O prazo para contratação termina em 12 de novembro. Como parte desse período já foi consumida pela regulamentação, produtores e entidades do setor alertam para o risco de concentração dos pedidos nas últimas semanas, demora na análise dos documentos e esgotamento dos limites disponíveis em determinadas instituições.

No Congresso, a quantidade de propostas de mudança revela a insatisfação com o alcance do texto original. A MP recebeu 144 emendas. Entre as alterações sugeridas estão a inclusão de mais operações de investimento, capital de giro e Cédulas de Produto Rural (CPRs), a ampliação das datas de enquadramento, a redução das exigências para comprovação das perdas e a extensão dos prazos de pagamento.

Também há pressão para que a medida contemple produtores que renegociaram contratos anteriormente, mas voltaram a perder safras, além daqueles cujas dívidas foram transferidas, cedidas ou substituídas por outros instrumentos financeiros. O desafio será ampliar o público sem elevar o custo fiscal a um nível que impeça um acordo para a aprovação.

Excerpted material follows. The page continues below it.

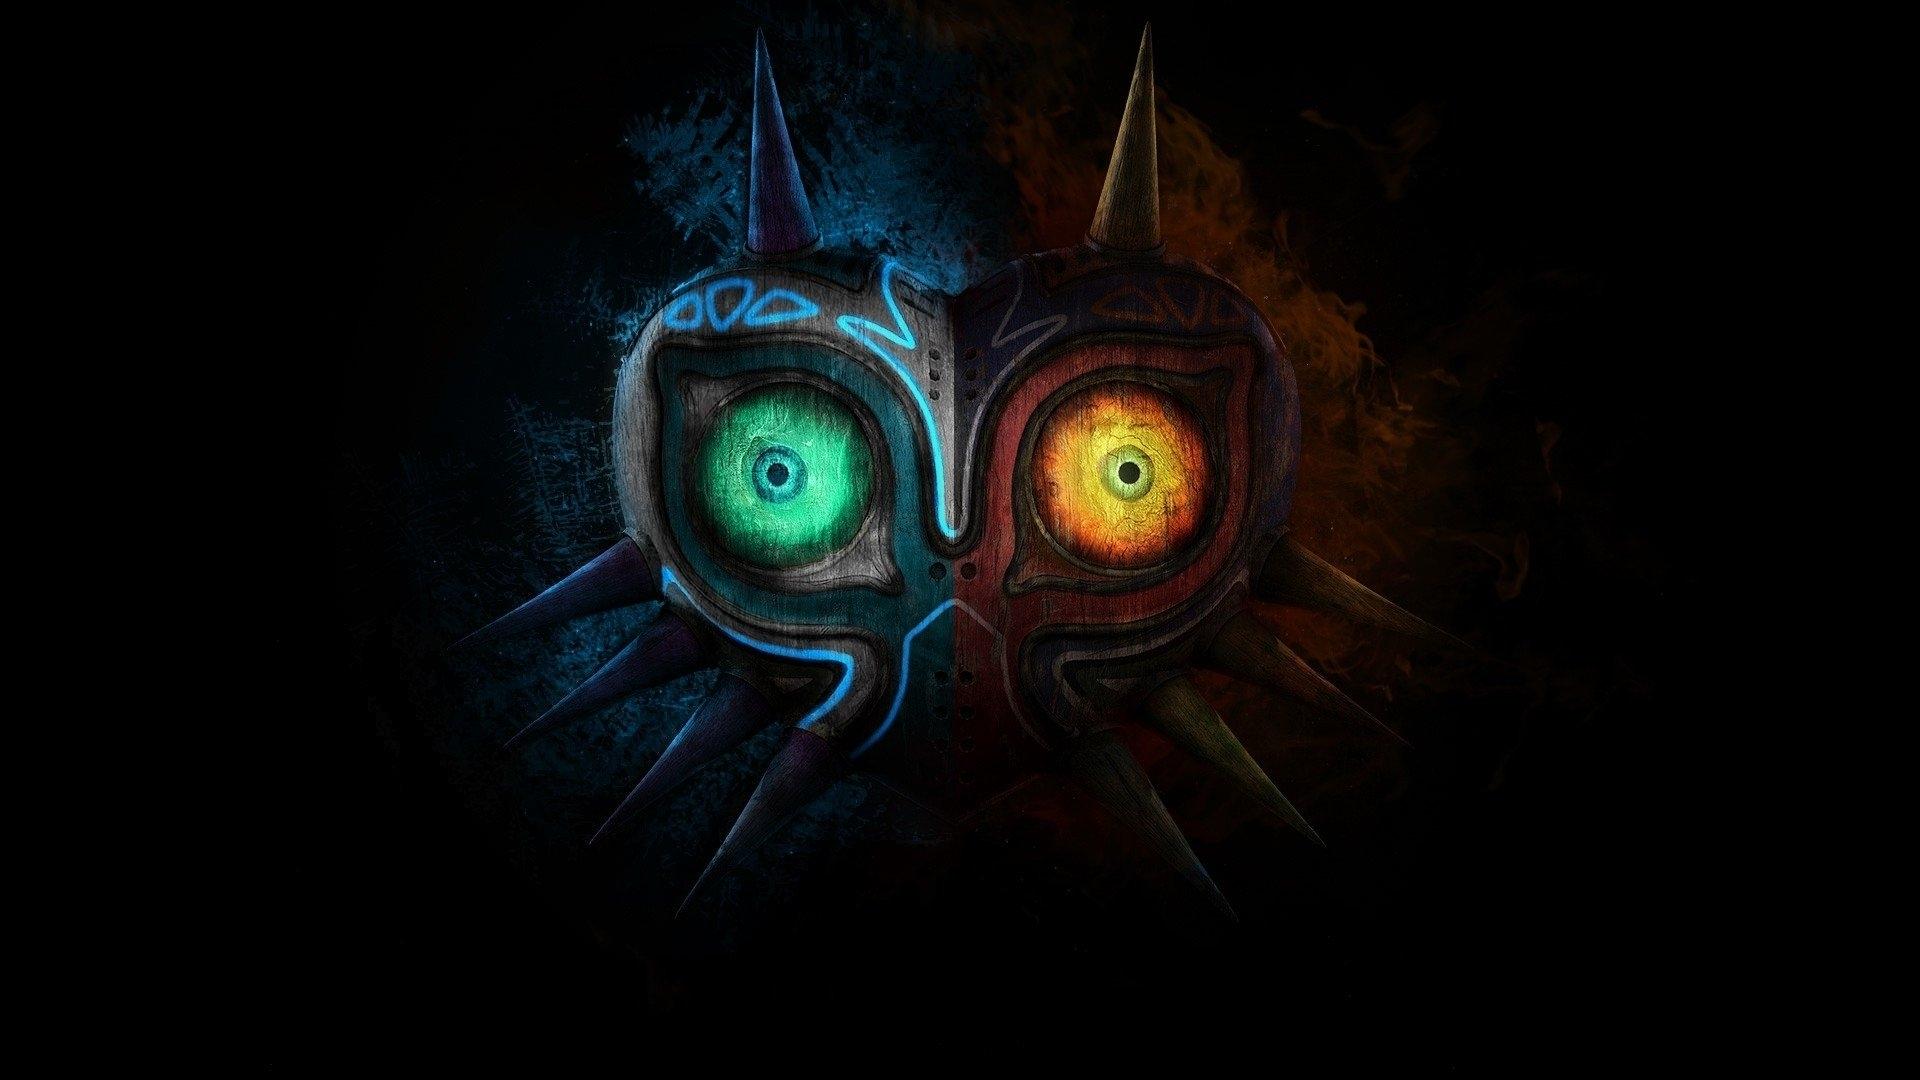 75 the legend of zelda: majora's mask hd wallpapers | background
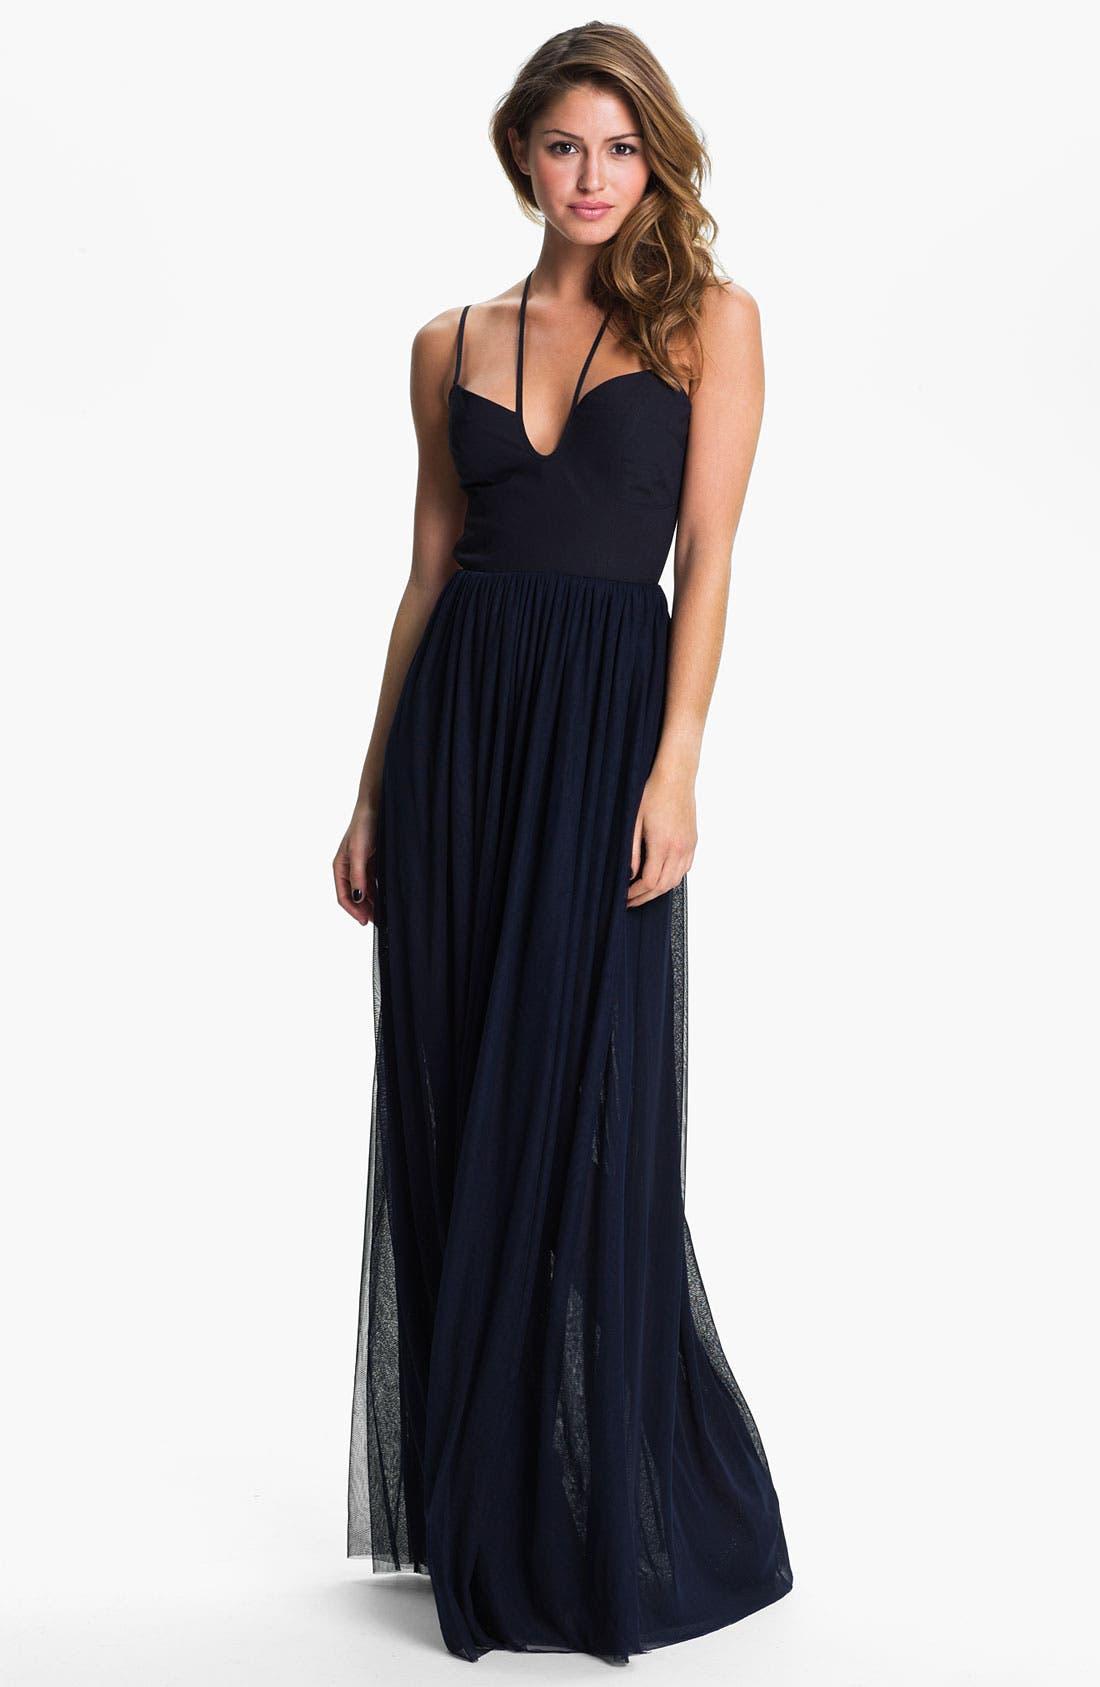 Alternate Image 1 Selected - Keepsake the Label 'Smoke & Mirrors' Back Cutout Mesh Maxi Dress

Para o produtor, a orientação é procurar imediatamente a instituição credora e formalizar o interesse na renegociação. Contratos, extratos das operações, comprovantes de perdas, registros de produtividade, documentos fiscais e laudos técnicos devem ser reunidos antes da abertura do pedido. O protocolo da solicitação também é importante para demonstrar que a procura ocorreu dentro do prazo.

A entrada da MP em regime de urgência aumenta a pressão política, mas não resolve os obstáculos encontrados nas agências bancárias. O resultado da medida será definido menos pelo volume anunciado e mais pela quantidade de produtores que conseguirem superar as exigências, aprovar o crédito e assinar os contratos até novembro.